> **GIVEN INFORMATION**
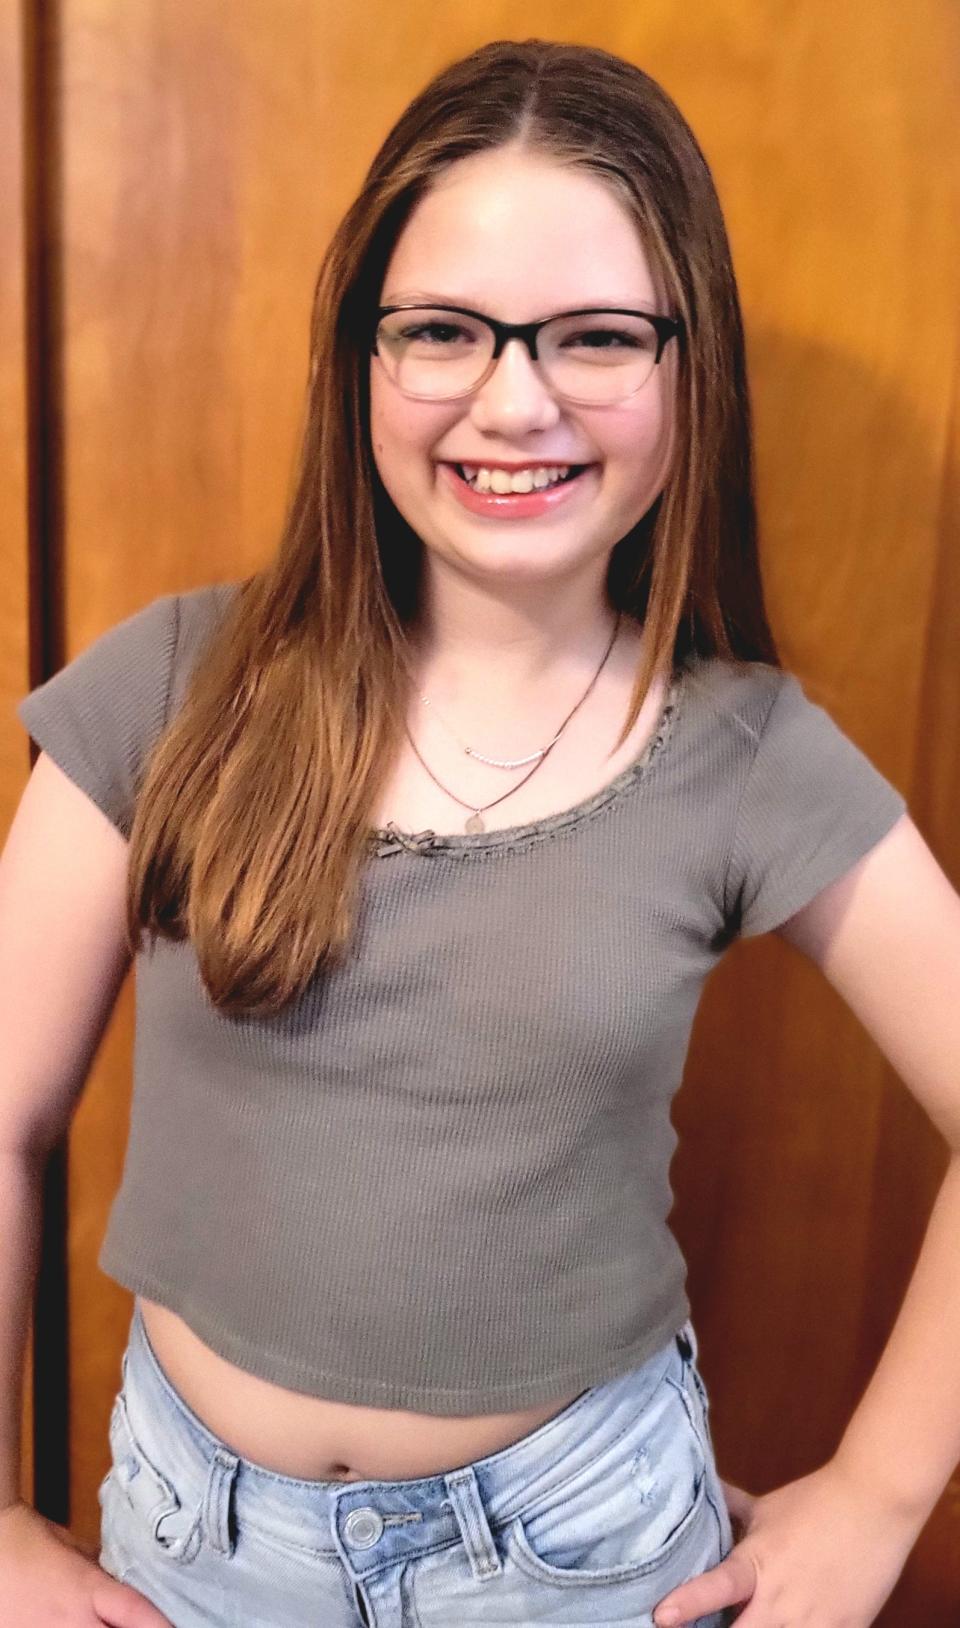 June Rickman, a sixth-grader at Fernwood Montessori, won second place in the Grade 6 category of the 41st Martin Luther King Jr. Essay contest, announced in January 2024.
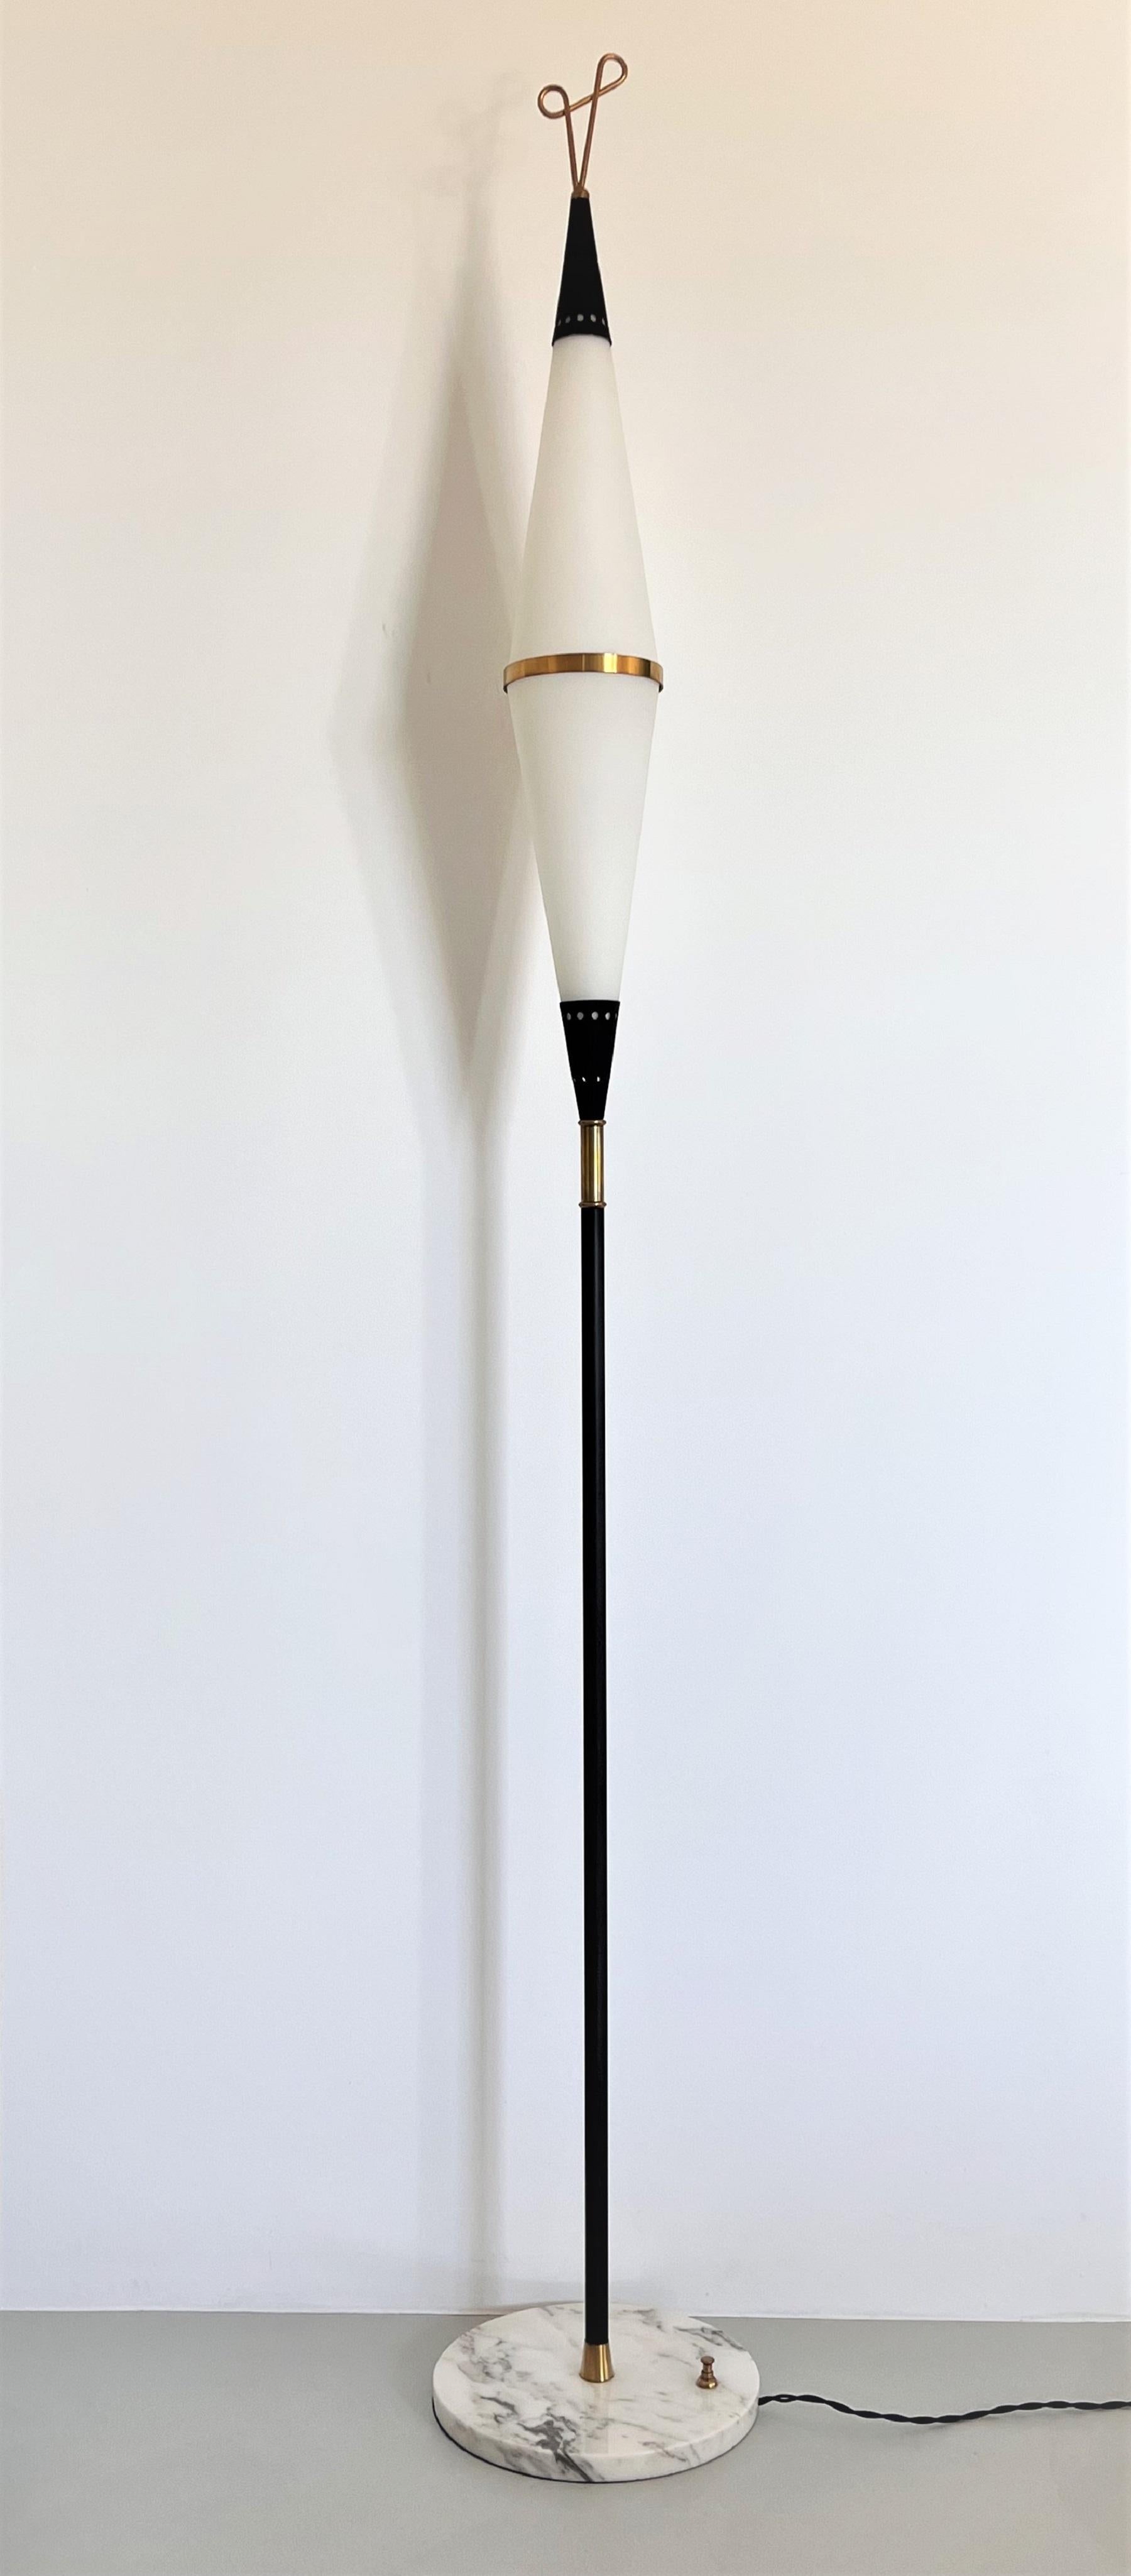 Italian Midcentury Floor Lamp in Glass, Brass and Marble by Reggiani, 1960s For Sale 8
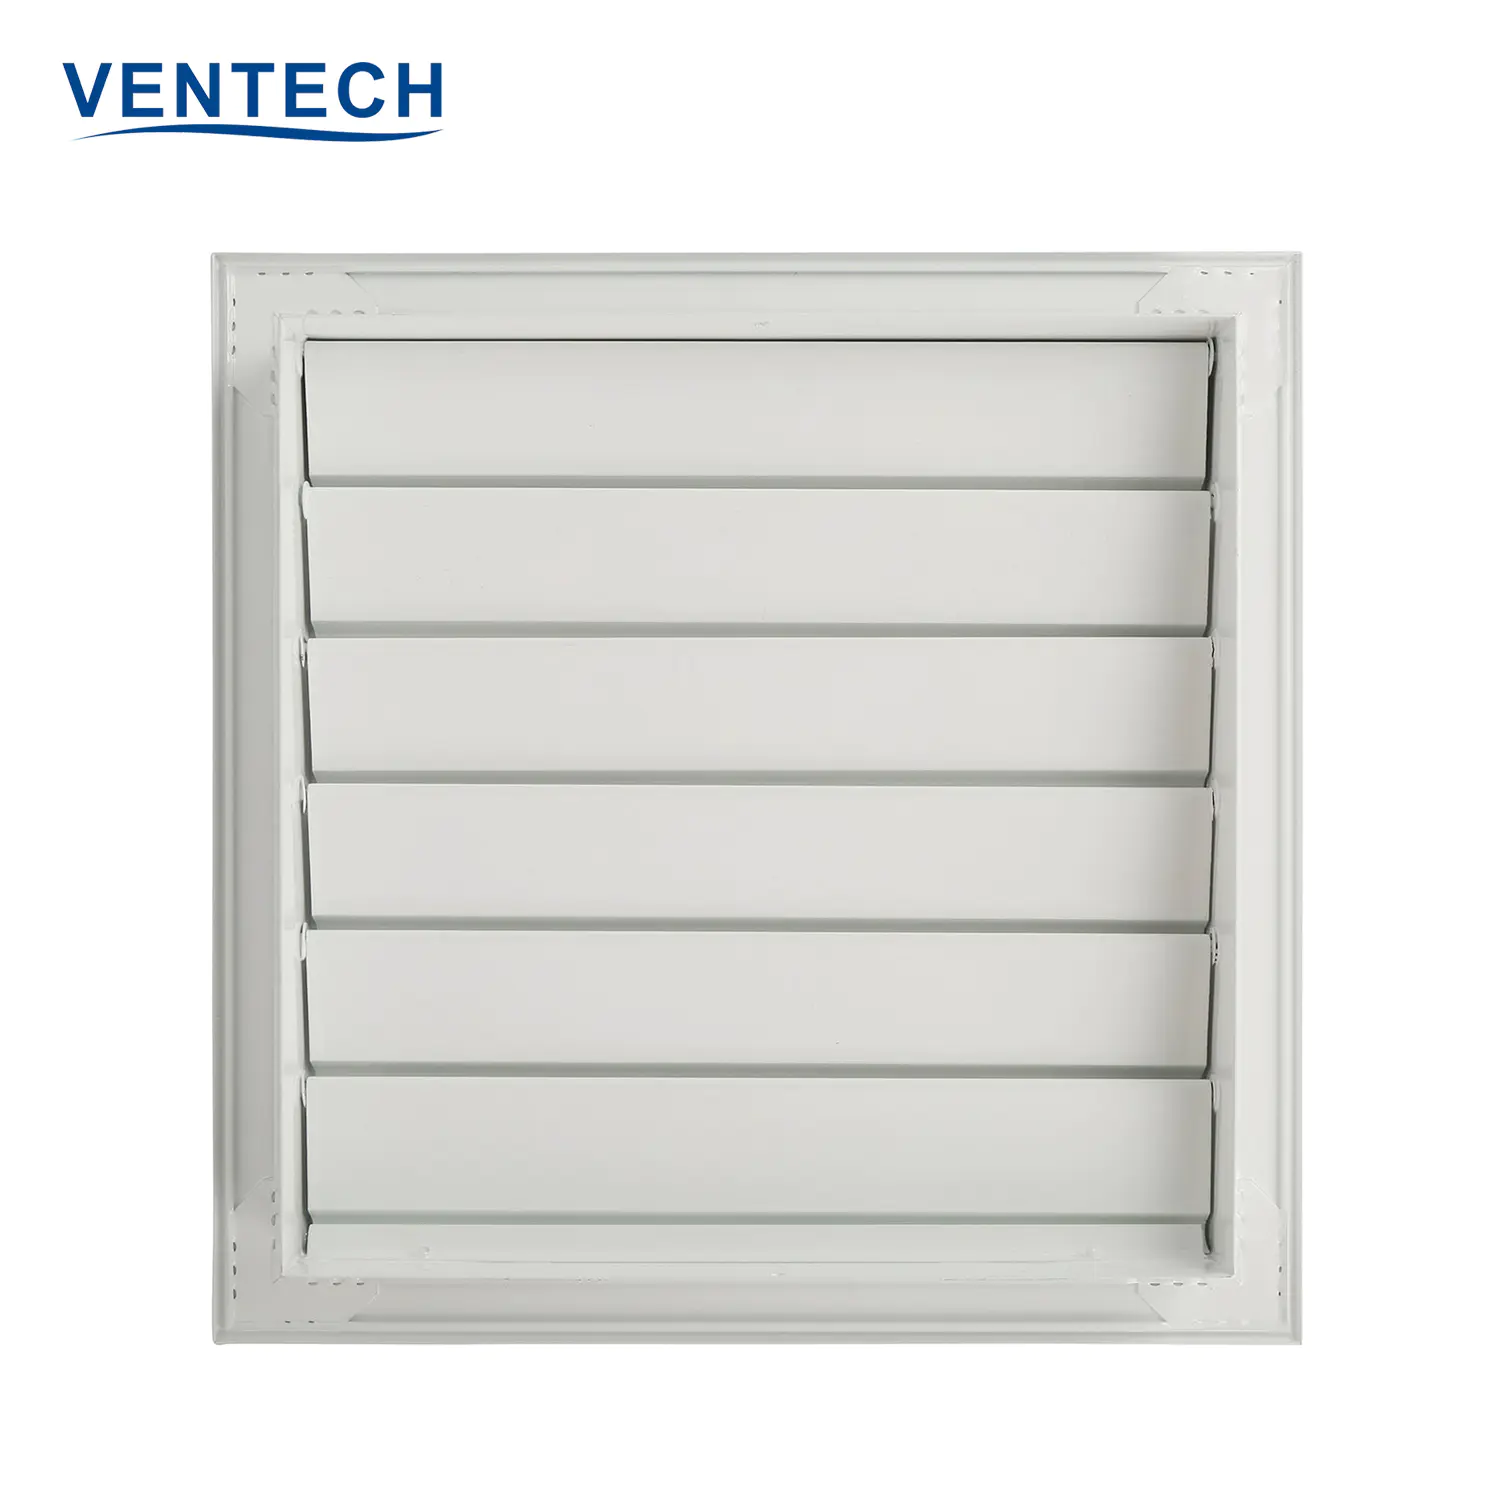 Hvac Exhaust Fresh Air Louvers Air Conditioner Adjustable Aluminum Gravity Air Grill Vent Cover Louvers for Ventilation

> **TASK DIRECTIONS**
Beginning with the first line of the material above, please output each line exactly through the line that contains "Italian Midcentury Floor", and only those, leaving out pictures.

> **RESPONSE**
 June Rickman, a sixth-grader at Fernwood Montessori, won second place in the Grade 6 category of the 41st Martin Luther King Jr. Essay contest, announced in January 2024.
 Italian Midcentury Floor Lamp in Glass, Brass and Marble by Reggiani, 1960s For Sale 8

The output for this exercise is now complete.